→ **WHAT THE TASK REQUIRES**:
Line by line, retype the material exactly and leave each picture out.

→ **SUPPLIED MATERIAL**:
_ _ _

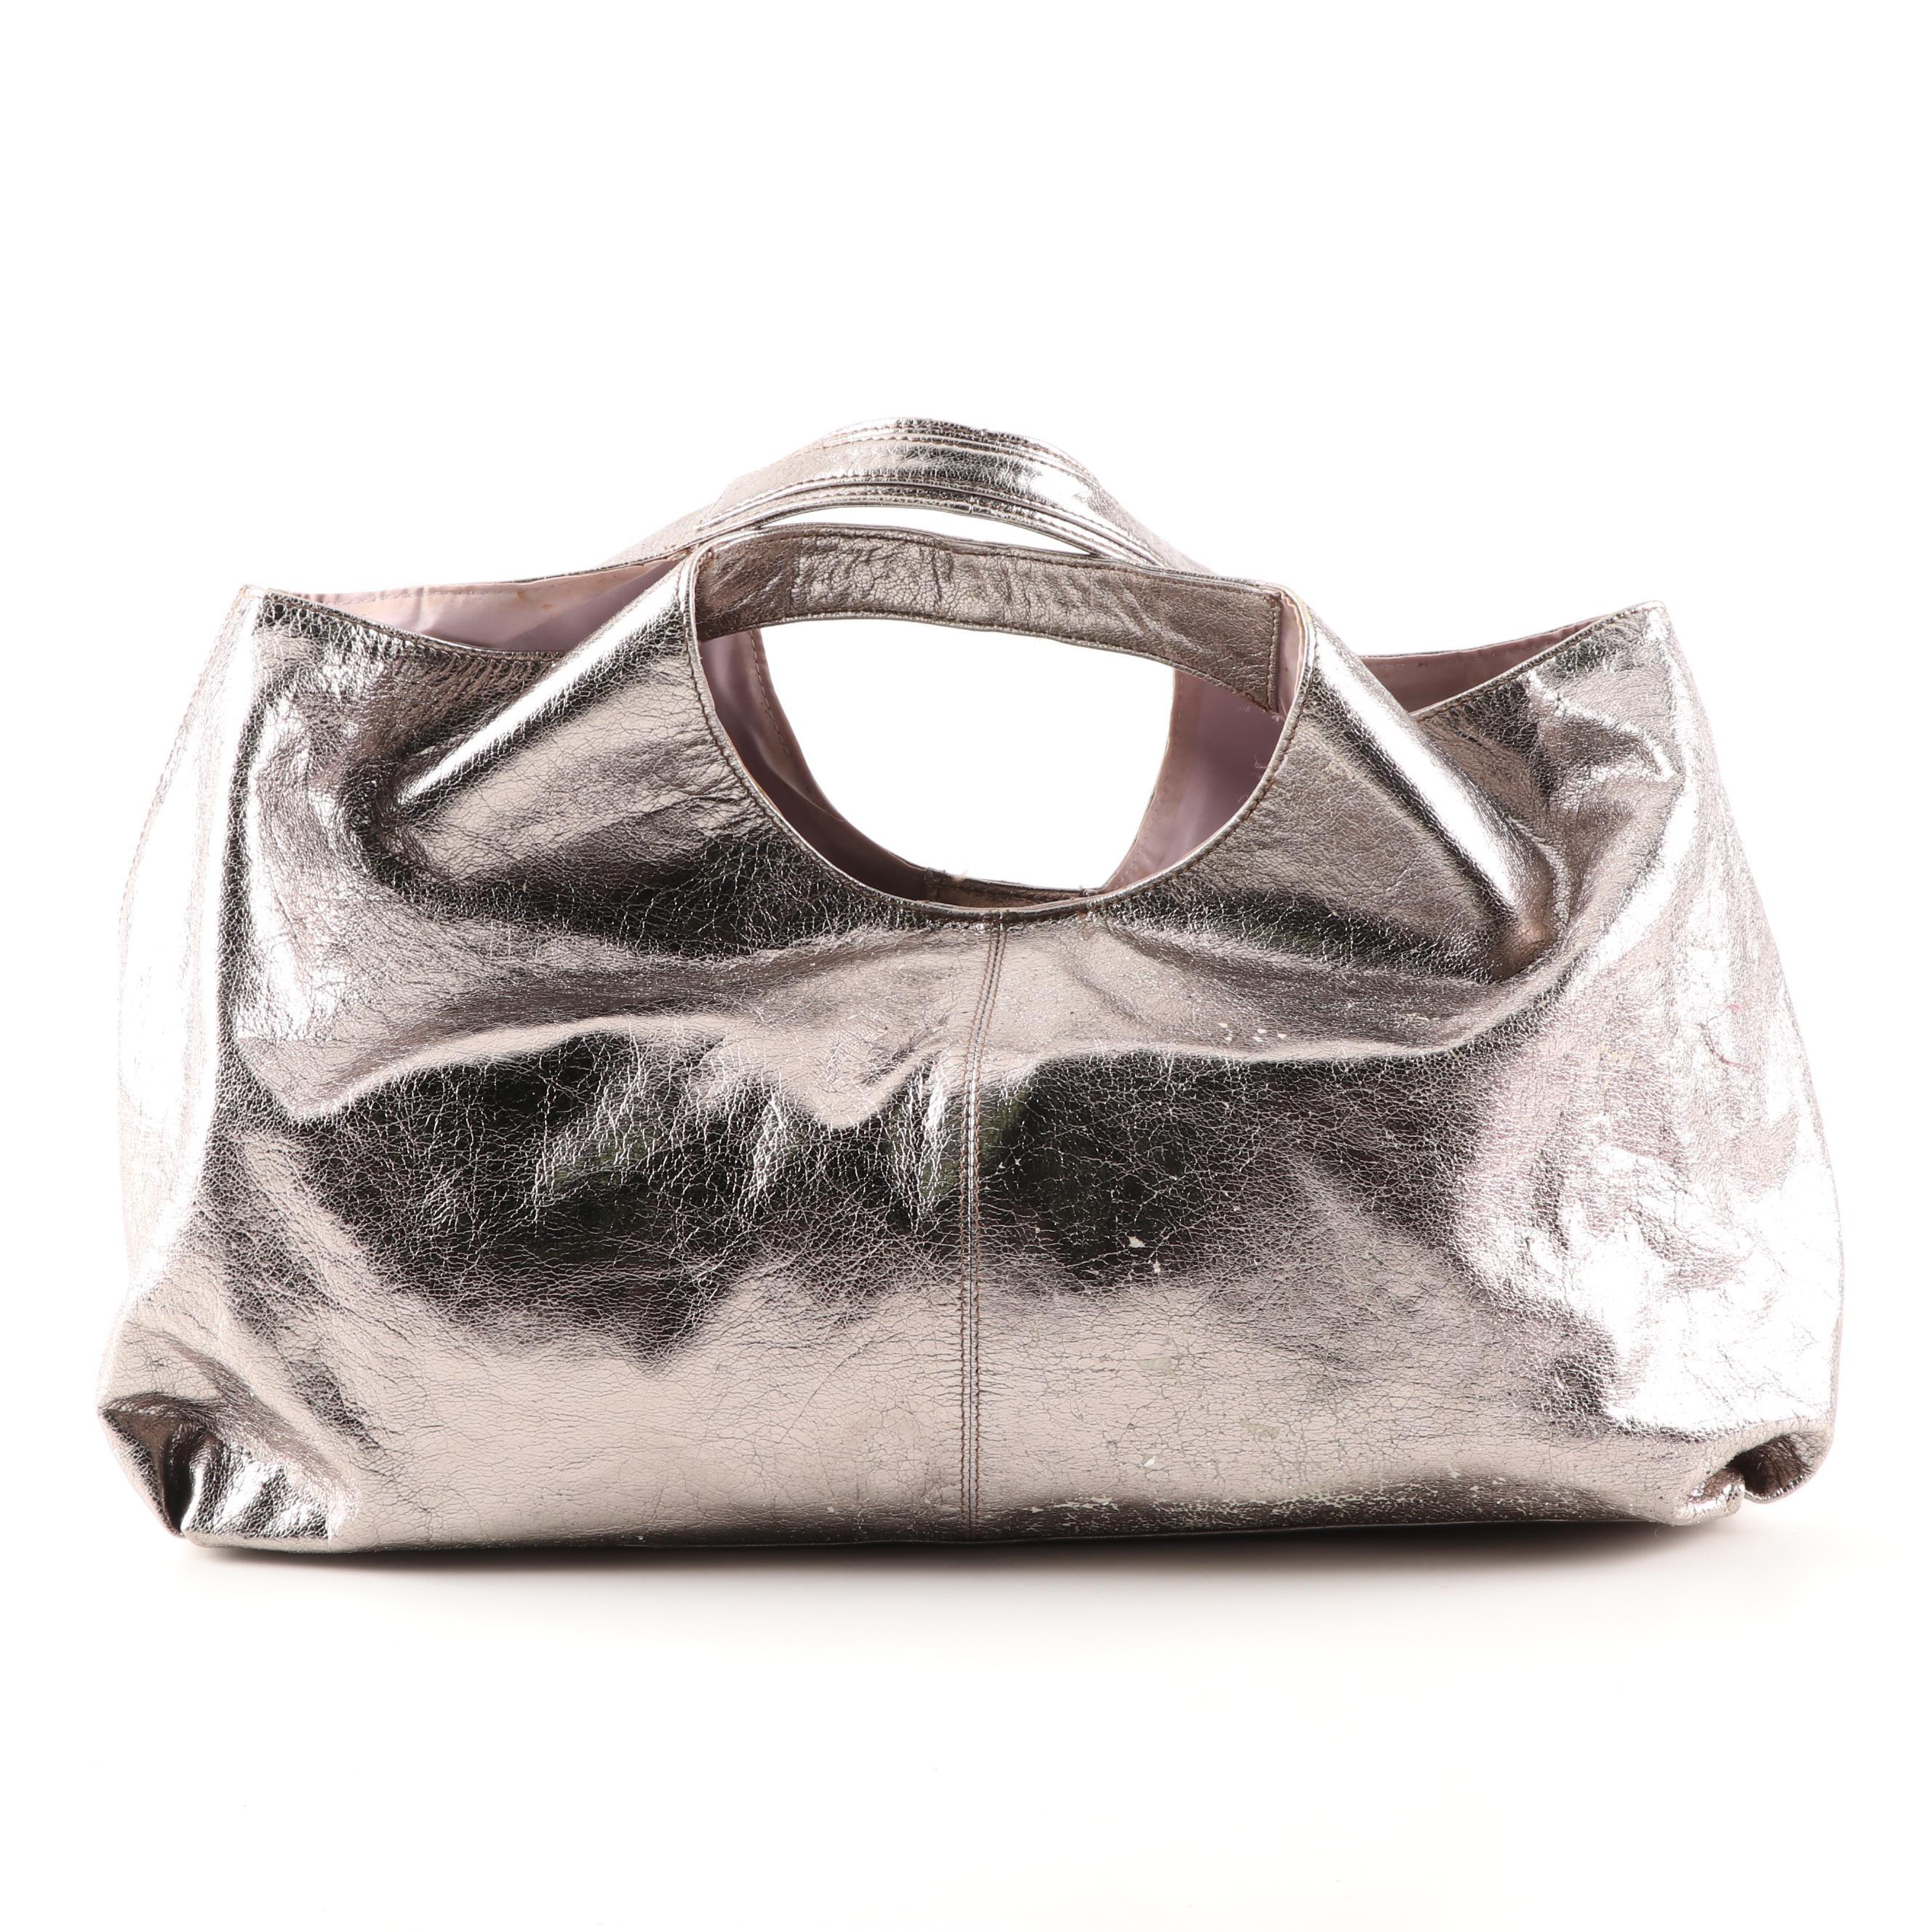 Tano New York Metallic Leather Satchel
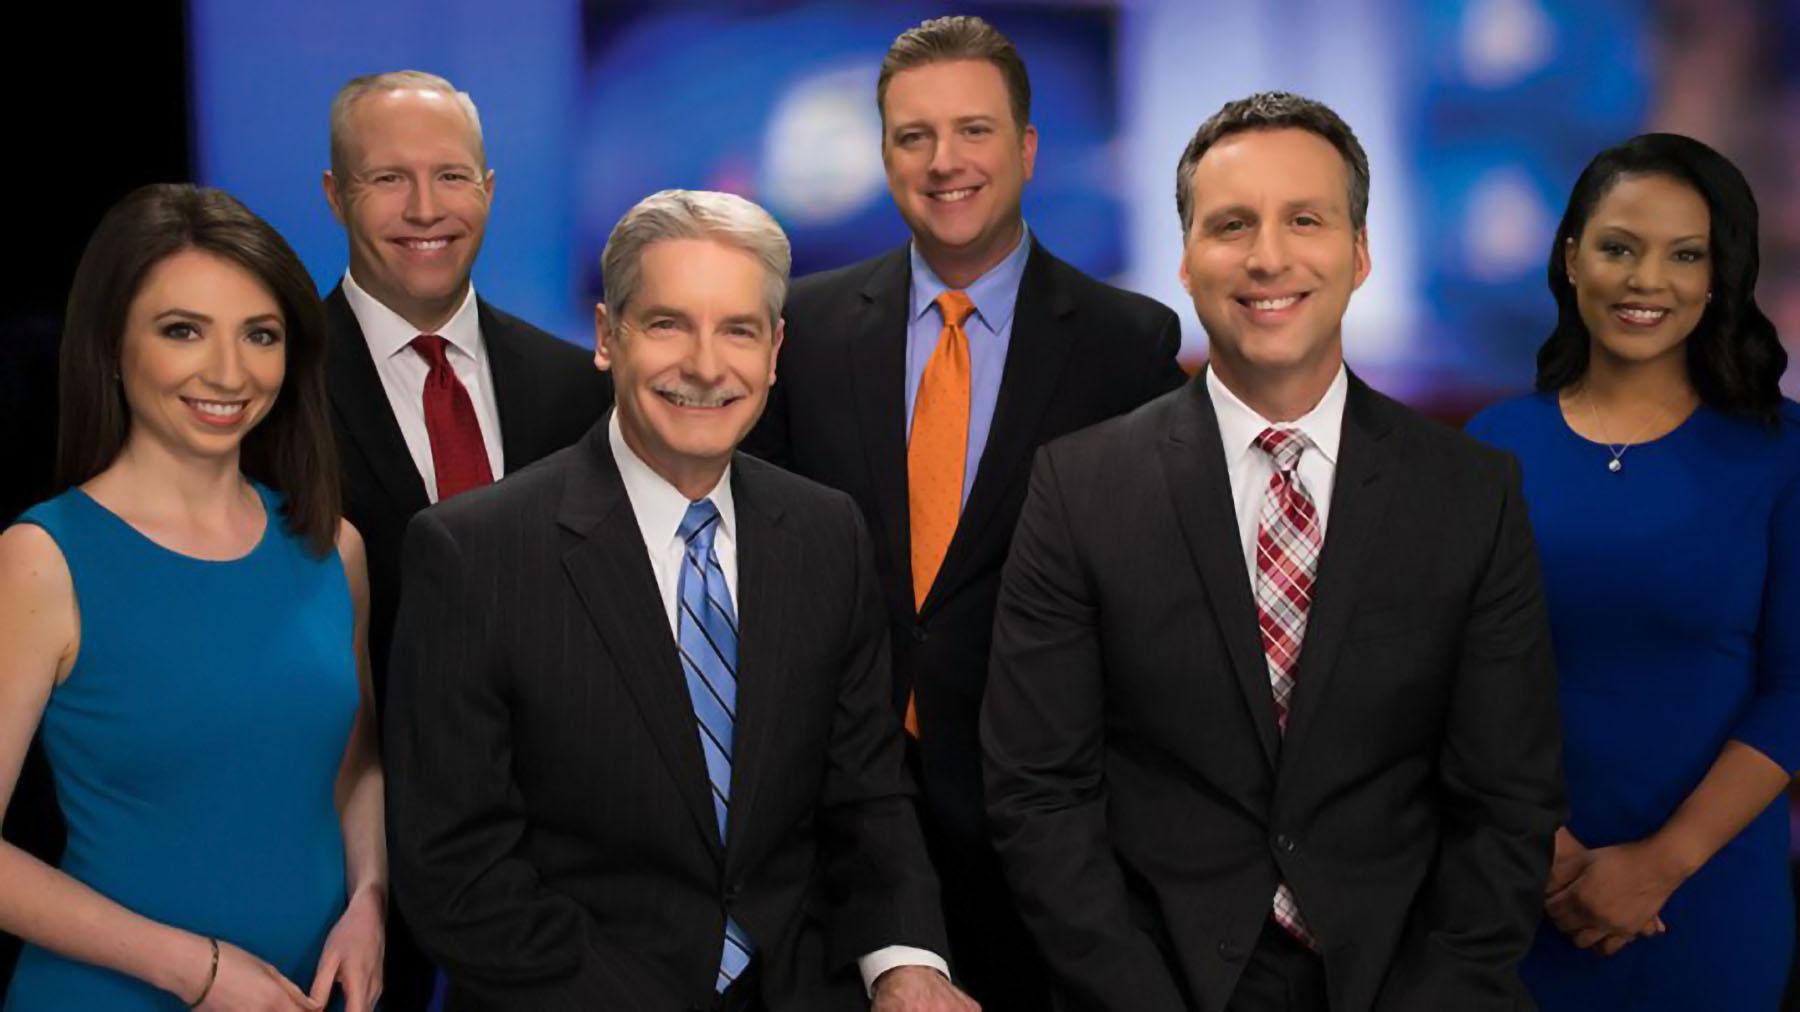 NCB 5 News Team
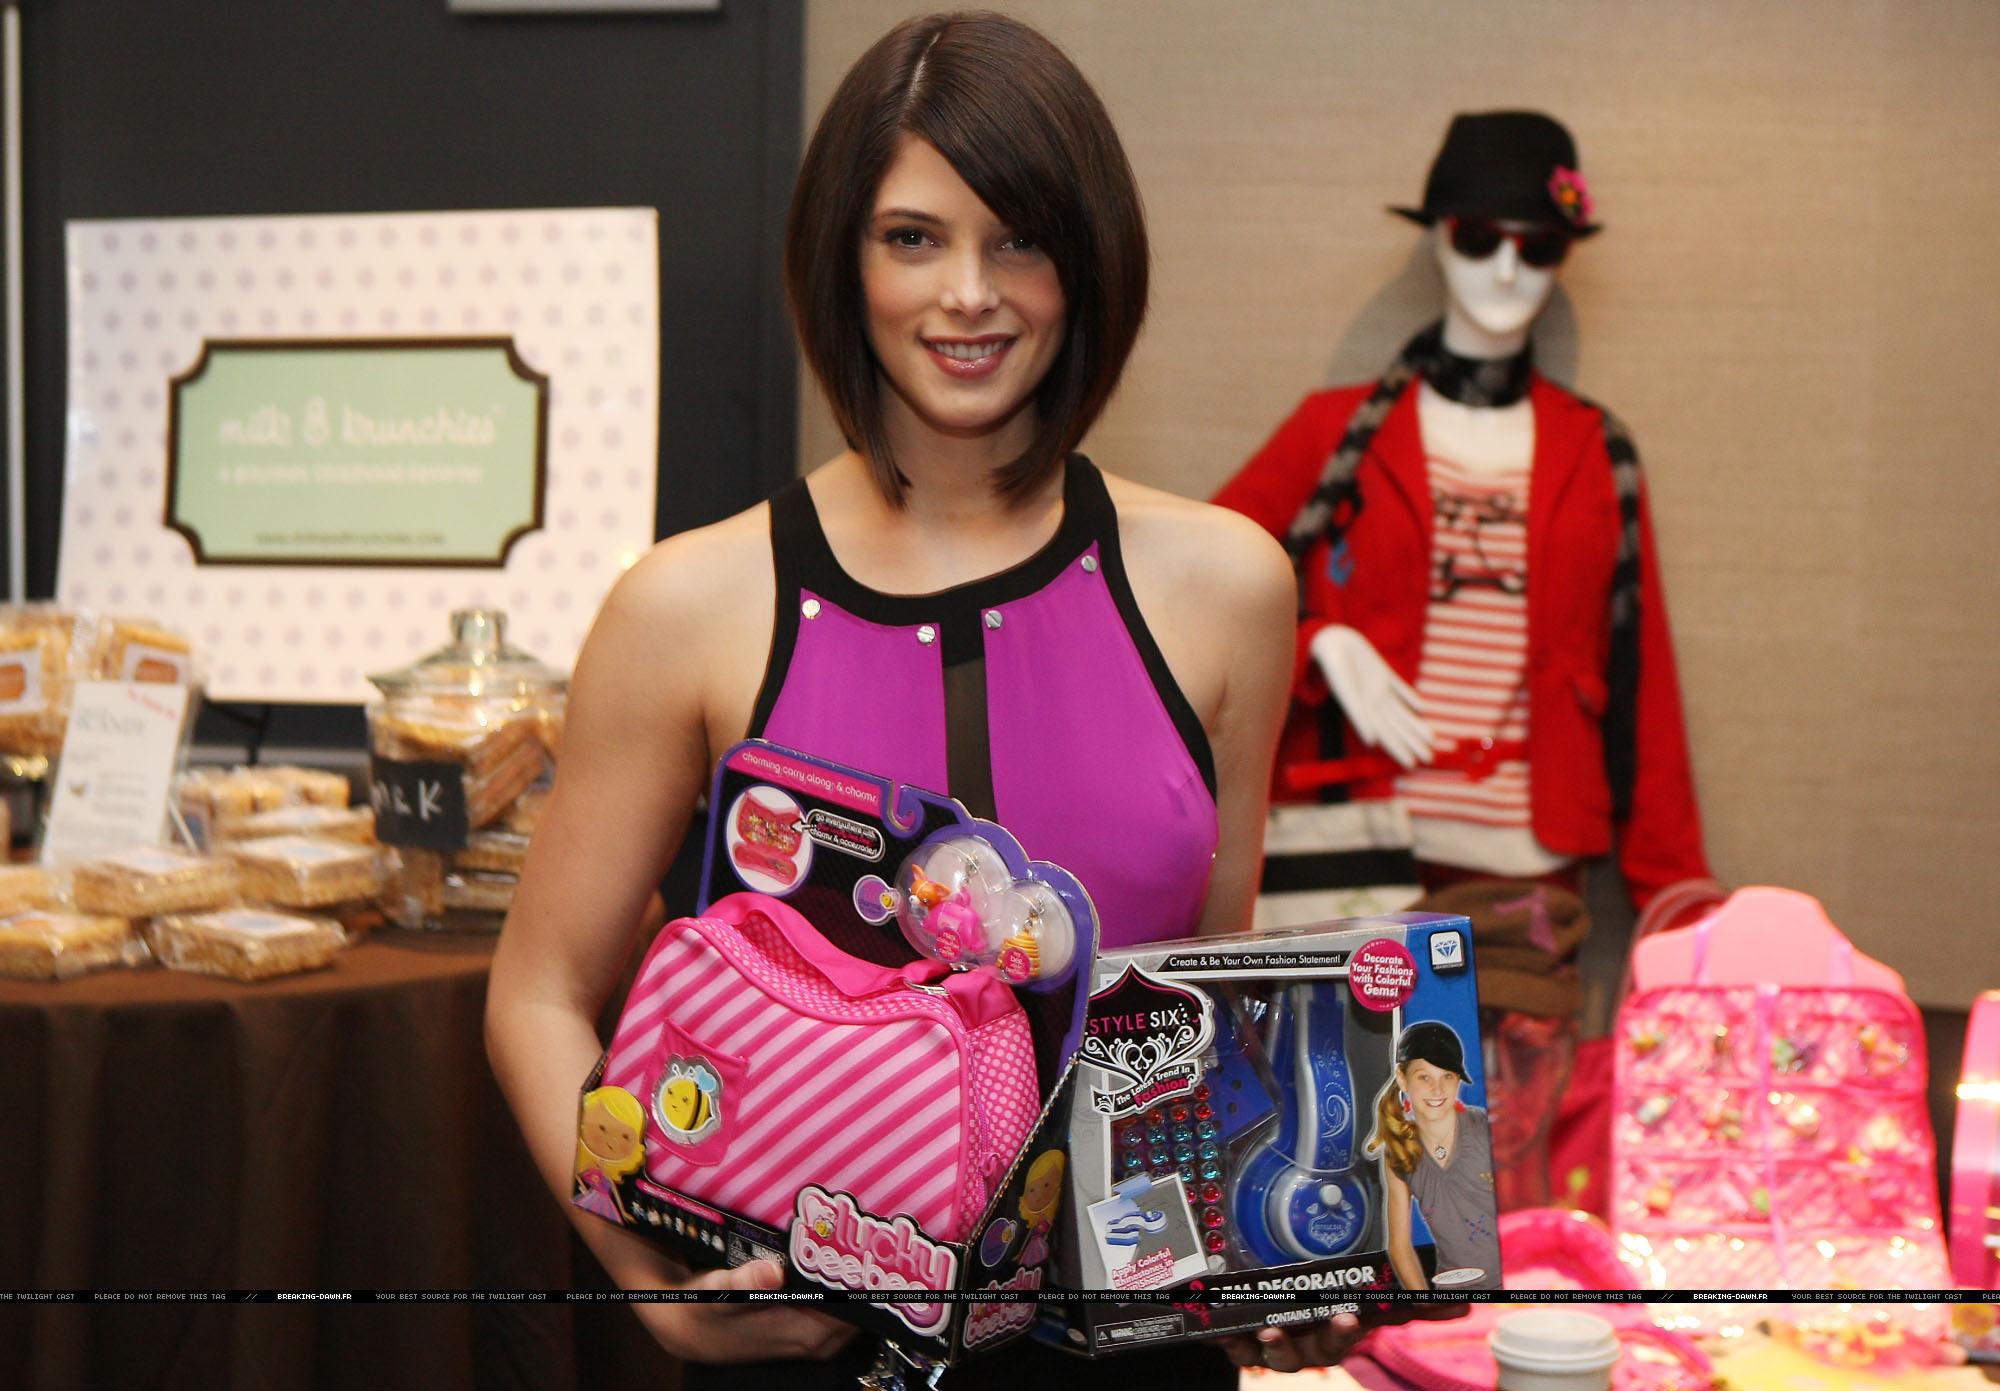 Ashley @ 102.7 KIIS-FM gifting lounge for the Teen Choice Awards

_ _ _

→ **TASK RESULT**:
 Tano New York Metallic Leather Satchel
 NCB 5 News Team
 Ashley @ 102.7 KIIS-FM gifting lounge for the Teen Choice Awards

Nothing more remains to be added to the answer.